Wzdrygnęłam się, kiedy poczułam jak polizał moją szyję. Nie wiedziałam, jak przedostał się w tak szybkim tempie do mnie, ale mało mnie to obchodziło... On mnie do jasnej cholery polizał!

- Oszalałeś?! - wykrzyczałam w jego stronę.

- Nie moja wina, że jesteś słodka - uśmiechnął się niewinnie - a teraz czas, na prawdziwą zabawę!

I znów zaczęłam biec korytarzem. Nie dość, że uciekam przed świrniętym wampirem, to jeszcze musi mieć tak słabe teksty. Boże, ratuj!
Zbiegłam schodami, które chyba prowadziły do piwnicy, ale mało mnie to obchodziło. Nie obchodziło mnie, czy ktoś mnie goni czy nie, po prostu nie chciałam przebywać w ich towarzystwie. Biegłam ciemnymi korytarzami, kierowana światłem, na końcu długiego korytarza.Dobiegłam do końca. Zdecydowałam, że jeśli wyjdę z tego cało, to zapiszę się na maraton. Mam szanse wygrać. Najlepiej jeszcze, żeby na tym maratonie, co chwila za mną pojawiał się Kanato, wtedy mam wygraną w kieszeni.
Zamknęłam, tym razem delikatnie, dębowe drzwi za sobą. Wbiegłam schodkami na górę i nie mogłam uwierzyć w to, gdzie się znajduje. Wszędzie znajdowały się te upiorne manekiny fioletowowłosego. Lecz jeden był zakryty. Powoli do niego podeszłam i złapałam za białe prześcieradło, które na nim widniało.

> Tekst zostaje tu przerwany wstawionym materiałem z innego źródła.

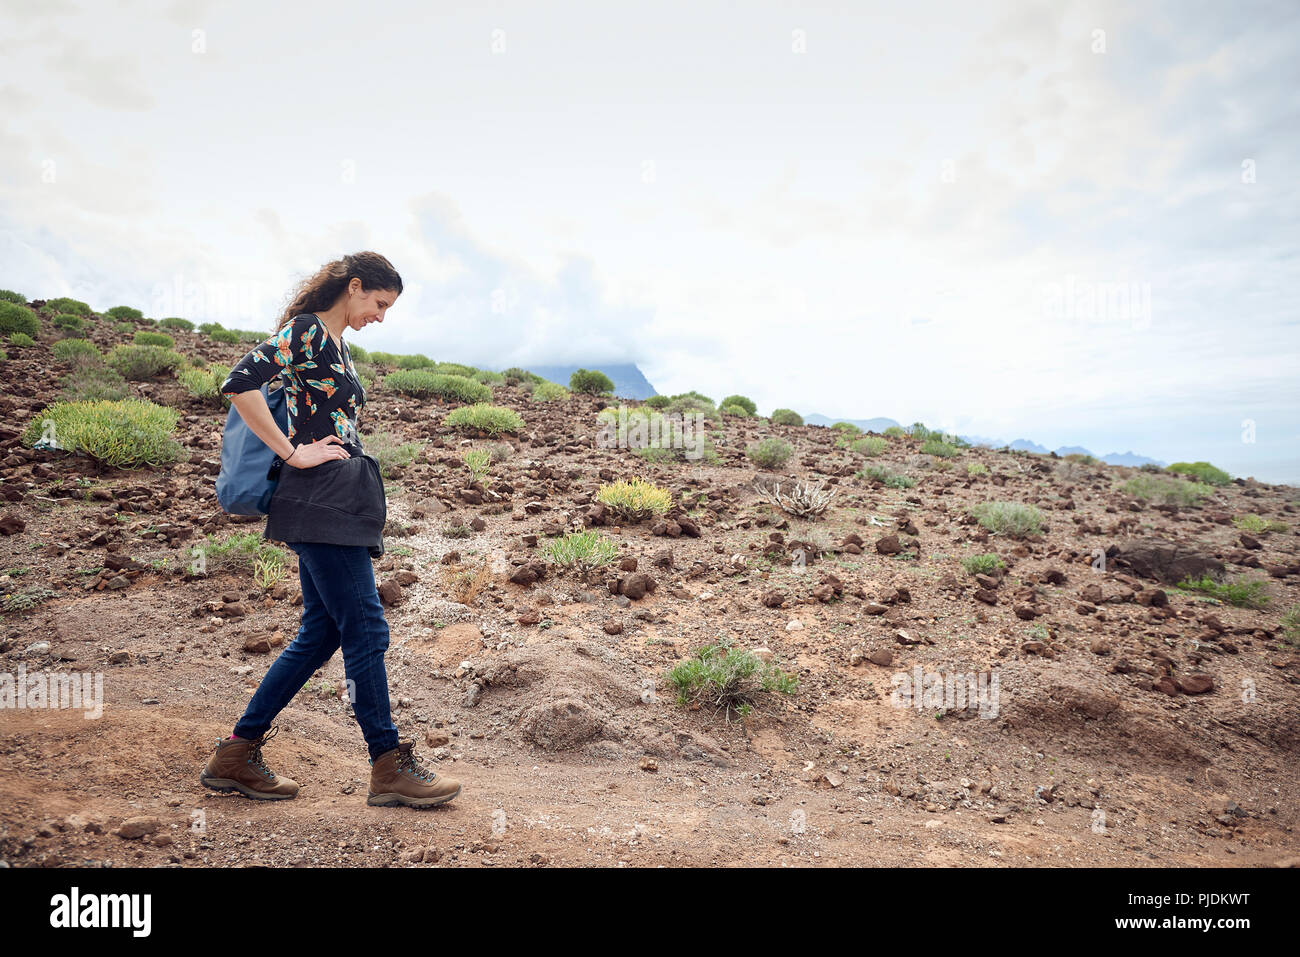 Woman hiking on dirt track in arid landscape, Las Palmas, Gran Canaria, Canary Islands, Spain Stock Photo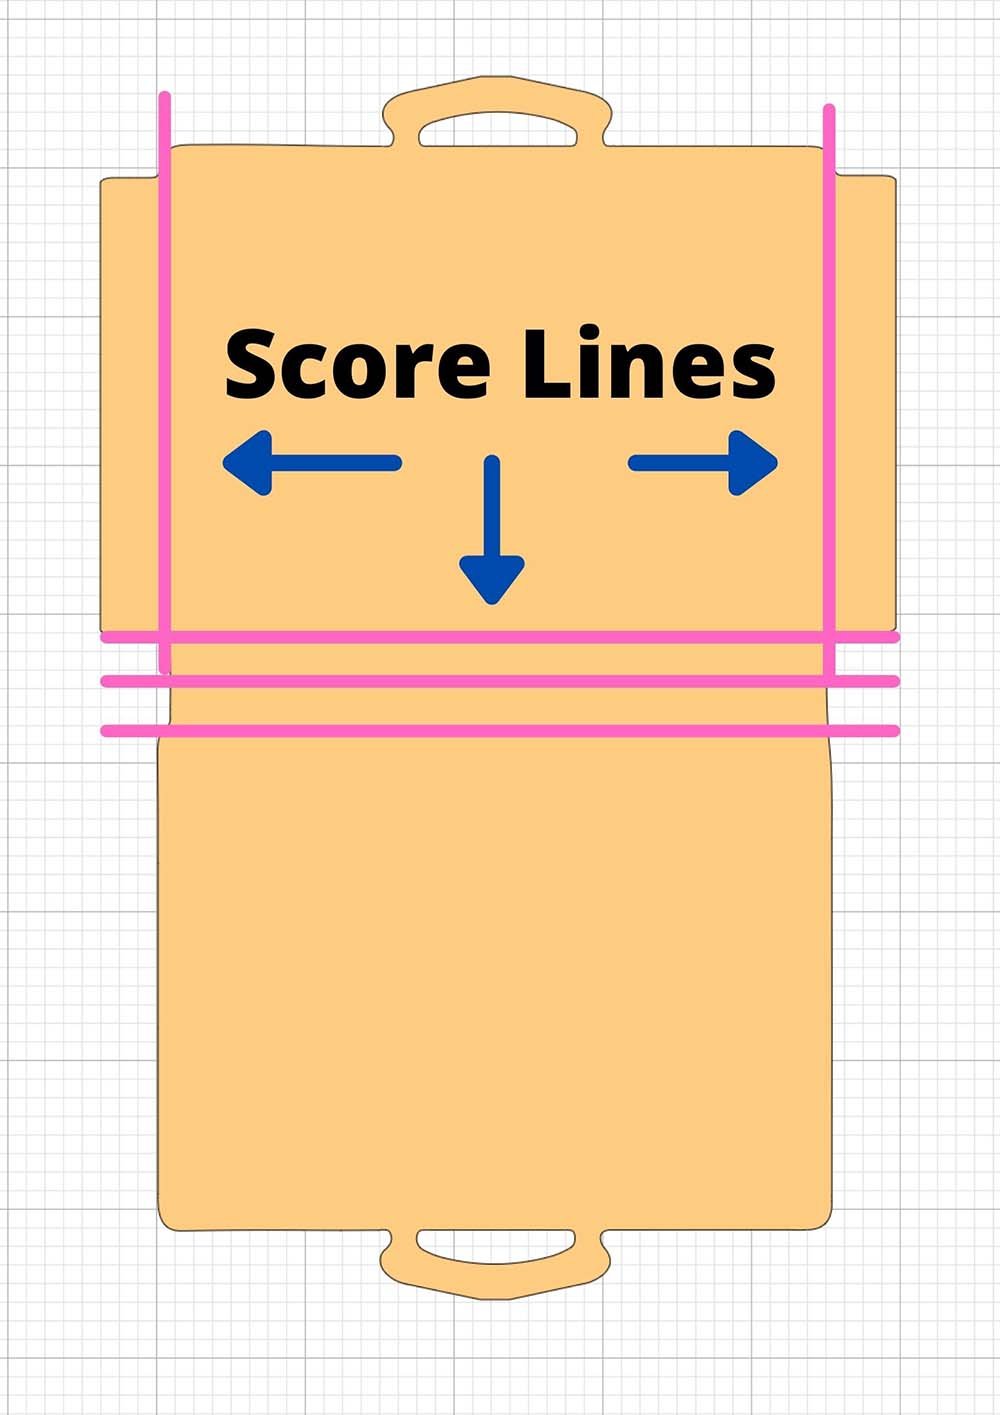 Score Lines to follow with a ruler and scoring tool

Pociągnęłam za nie, a ono upadło na posadzkę, ukazując co ukrywało.
Dłonią zakryłam swoje usta aby nie krzyknąć. W białej sukni, z krzyżem na szyi, z rękami za plecami, stał manekin, a raczej ciało...

Ciało Yui Komori...

-.-.-.-.-.-.-.-.-.-.-.-.-.-.-.-.-.-.-.-.-

Heeeeejjjj!!!
A oto kolejny rozdział! Yay!

I znów, nie wiem dlaczego ten rozdział jest dla mnie, jeszcze bardziej śmiechowy, niż poprzedni he he xD

Ten ksiądz z tym dzieckiem, błagam nie ;-;

I ten Kanato, który pomógłby głównej bohaterce wygrać maraton, co prawda to prawda, jej by pomógł. Bo przecież Kanato to taki grzeczny (*kaszel*nie), miły(*znów kaszel*nie) i uczynny (*nagły napad kaszlu*kiedy?!) chłopiec! Sama słodycz... -,-

(jakiś taki nagły *khe khe* napad kaszlu ;) )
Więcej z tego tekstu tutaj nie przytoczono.